Dataset content
*** Block opens ***
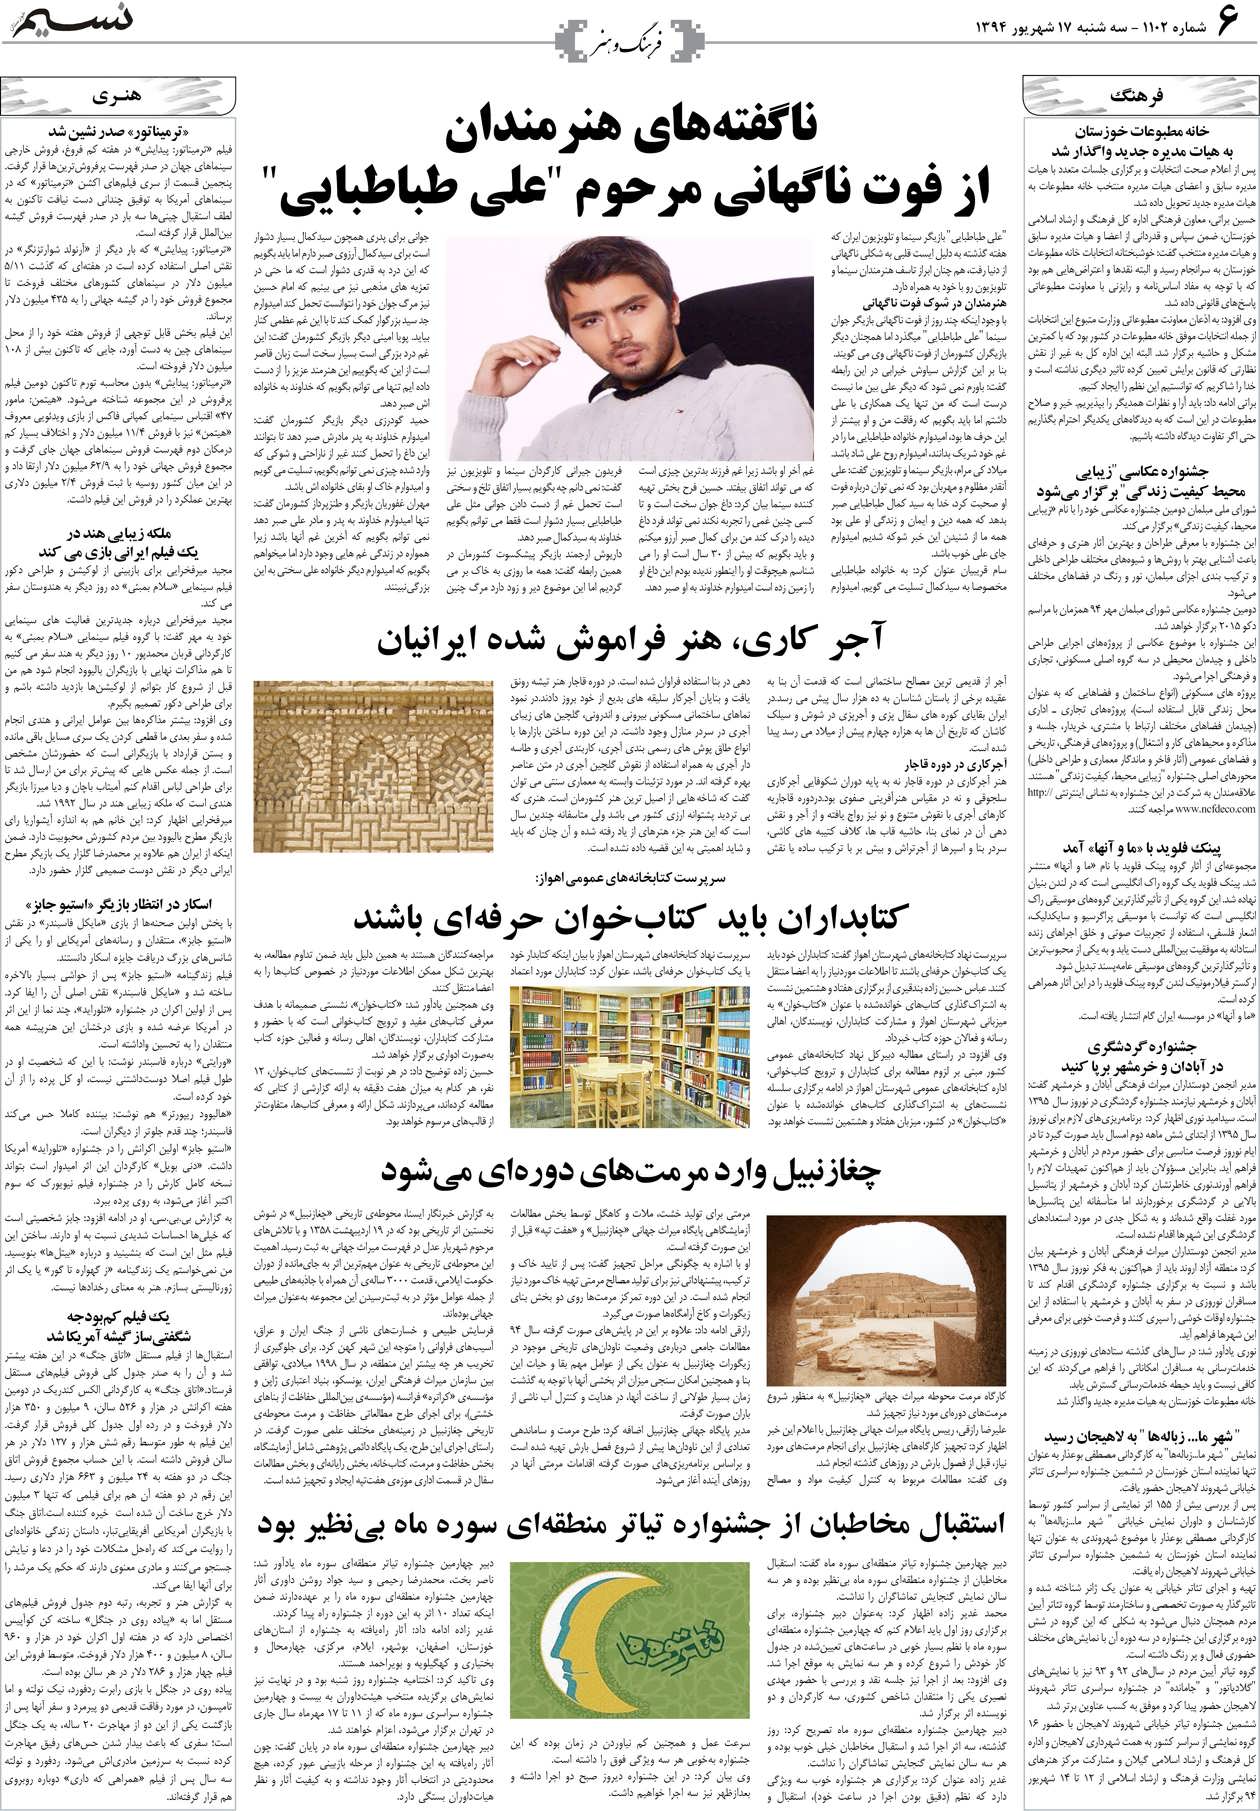 صفحه فرهنگ و هنر روزنامه نسیم شماره 1102
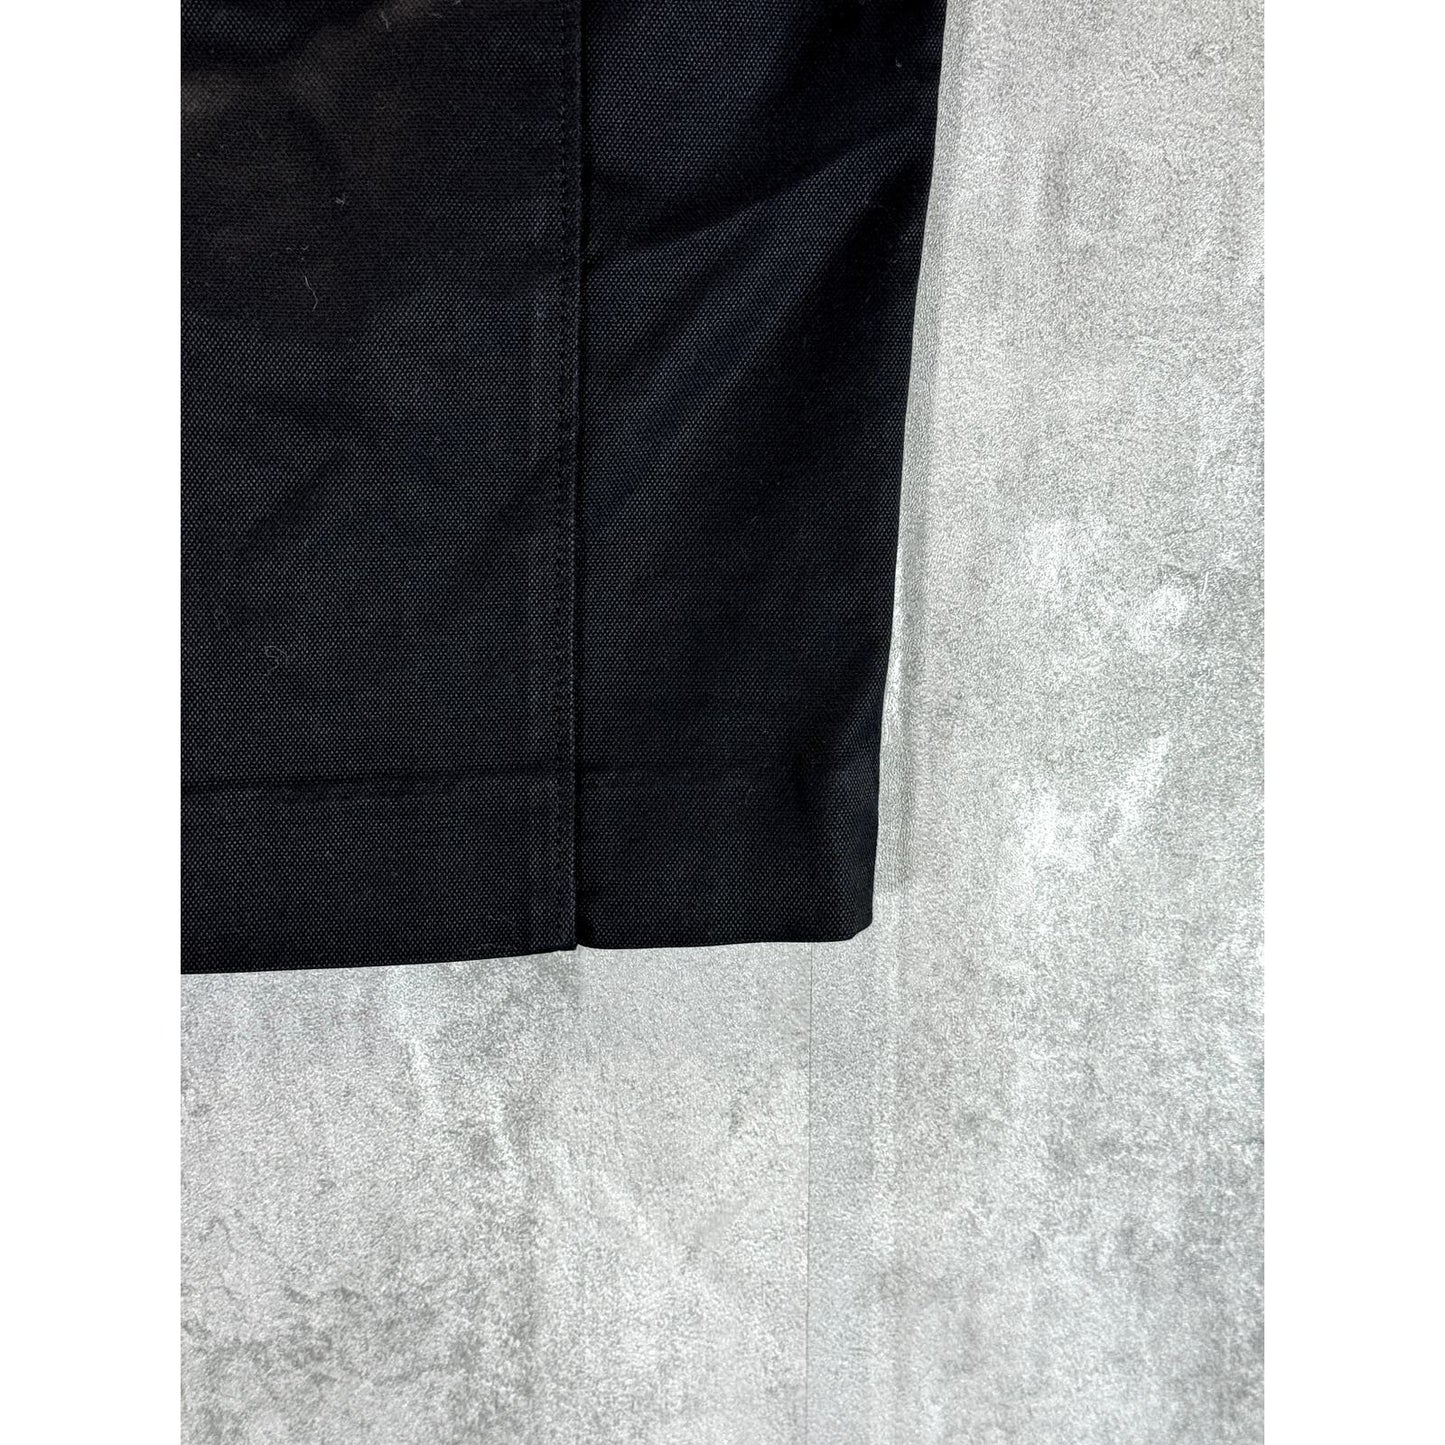 PATRIZIA PEPE Women's Black Solid Mini Pencil Skirt SZ 42(US 6)
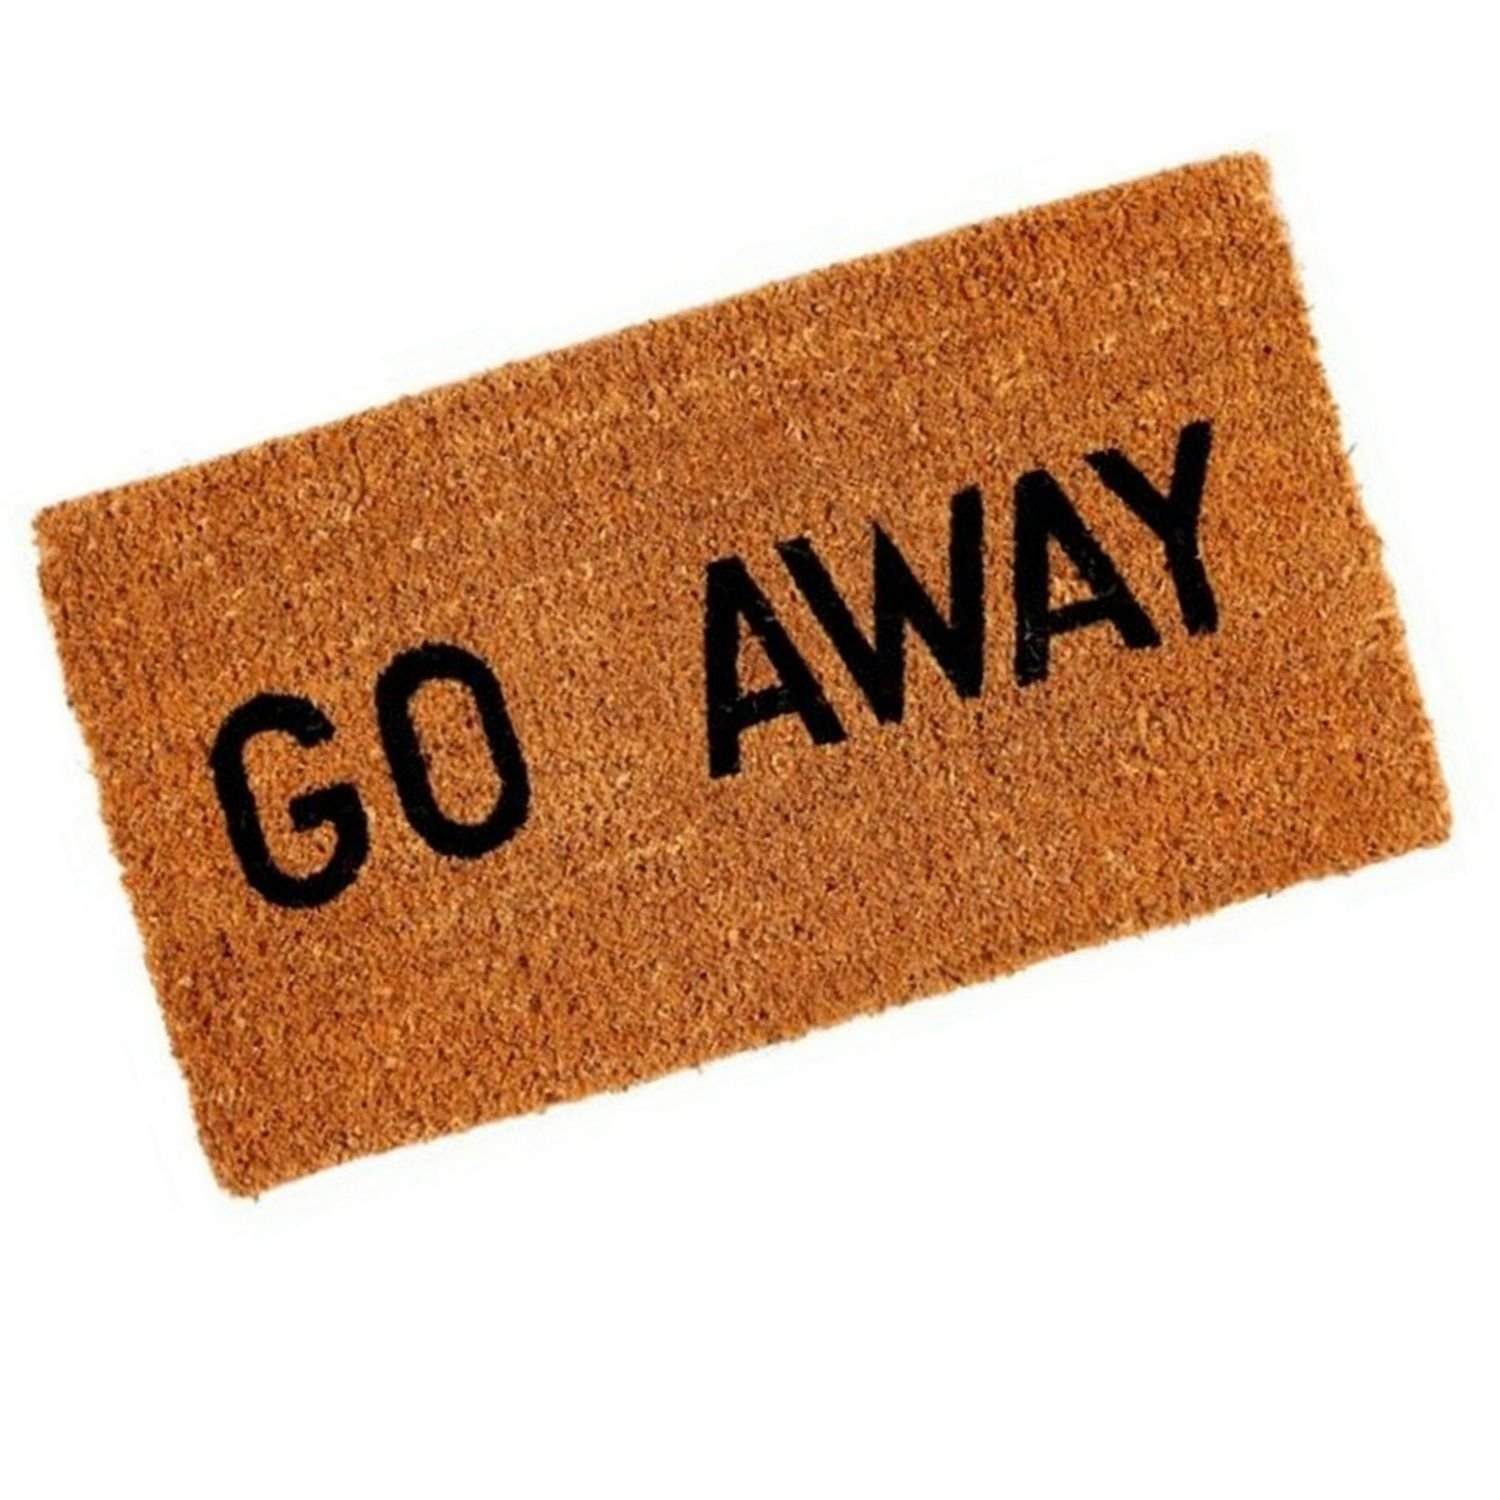 Go away картинка. Go away картинка для детей. Go away Doormat. Надпись go away. Make go away
*** Block closes ***
Task to complete
Reproduce the data word for word; no pictures.

Response box
 صفحه فرهنگ و هنر روزنامه نسیم شماره 1102
 PATRIZIA PEPE Women's Black Solid Mini Pencil Skirt SZ 42(US 6)
 Go away картинка. Go away картинка для детей. Go away Doormat. Надпись go away. Make go away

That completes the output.